LOL! I've had my fair share of does not wanting the buck I chose for them.


----------



## ksalvagno (Oct 6, 2009)

Fun. What a stinker.


----------



## Pack Goat Girl (Jun 17, 2018)

mariella said:


> Does anyone else have those moments when you want to strangle the herd queen for being the herd queen?


At least ten times a day right now!


----------



## mariella (Feb 23, 2017)

Lol Luna calmed down a bit after I put Oakey up.

Hazel looks *Huge! *should I worry that she's laying down a lot? I have never seen her this big not even with her two sets of twins. She is only 2 months bred but she already looks bigger then when she was about to drop twins.


----------



## mariella (Feb 23, 2017)

Okay update time!
It looks like Patty Marigold and Peony took to their breedings. But I don't know about Luna I am waiting to see is she come back into heat. 

Okay so I have a question  Do goats have false heats? At 35 days post breeding Luna was in a standing heat Oakey didn't seem to interested but did breed her because she was bugging him. Which I found weird because it's not like her to be all over the buck she has always been quite about her heats. 

And I have new pictures of Hazel!
Hazel isn't laying down as much and doesn't look nearly as big as she did a few weeks ago.


----------



## Goat_Scout (Mar 23, 2017)

Yes, goats can have false heats, although I'm not sure how common it is. Hazel looks great!


----------



## toth boer goats (Jul 20, 2008)

Yes it is not uncommon for goats to have a false heat. They can be bred and then come back in 18 to 21 days later, then take. This can be normal.
However, 35 days later? 
Something may be going on with her, such as lack of hormones or she has other issues.
Is she getting loose salt and minerals free choice?

A vet may be able to check her and maybe help her become regular again. 
Or may find she has worse issues.

Any previous kidding issue?


----------



## mariella (Feb 23, 2017)

Nope she is my best kidder always has them without me there and always has 10-15 pound twins. She was coming into heat regularly every 19-20 days before I bred her then 35 days later she was in heat. She hasn't come back into heat yet and it's been 37 days sens the false heat.

Also if you read above she was very aggressive to the buck and wanted to be the buck and 4 days after that she had the false heat.


----------



## toth boer goats (Jul 20, 2008)

Hmm, could be too she aborted, then came back in? 
Did you ever see any blood?


----------



## mariella (Feb 23, 2017)

Nope no blood.

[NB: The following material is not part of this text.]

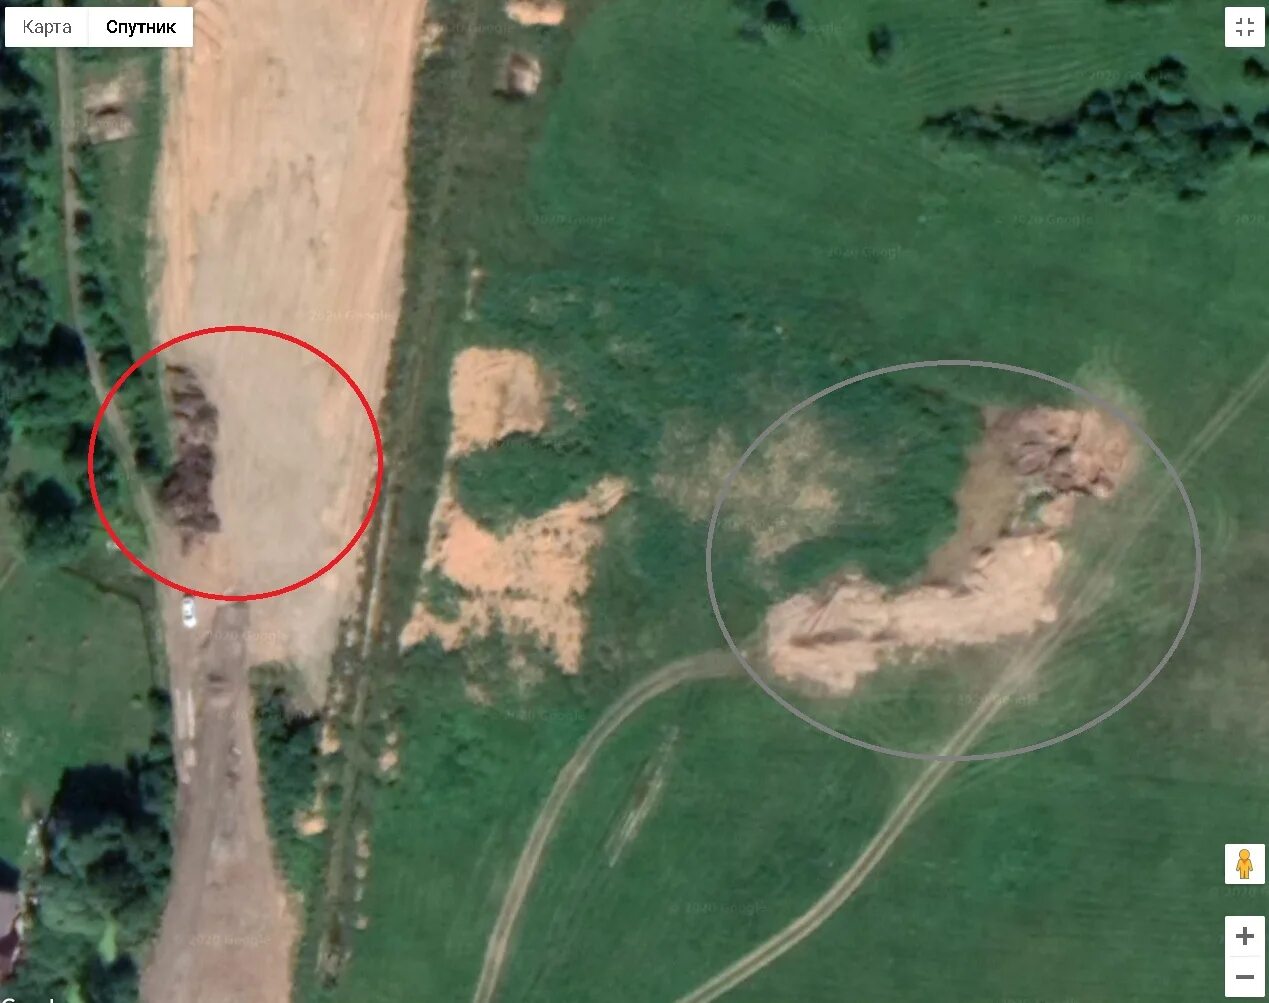 Спутник где сделан. Четкие снимки со спутника. Снимки со спутника село. Съемка со спутника. Съемка местности со спутника.

And yes I do give free choice Minerals and sea salt.


----------



## mariella (Feb 23, 2017)

Hazle is looking very pregnant. I think her belly is starting to drop.
Patty's udder is coming in and I think I felt her babies tiny pea like hooves the other day.
I am not sure if Peony is pregnant her belly is still pretty soft. 
Marigold ripped off one of her horn yesterday but her udder is coming in to.
Luna's udder is coming in so I think she took the first time.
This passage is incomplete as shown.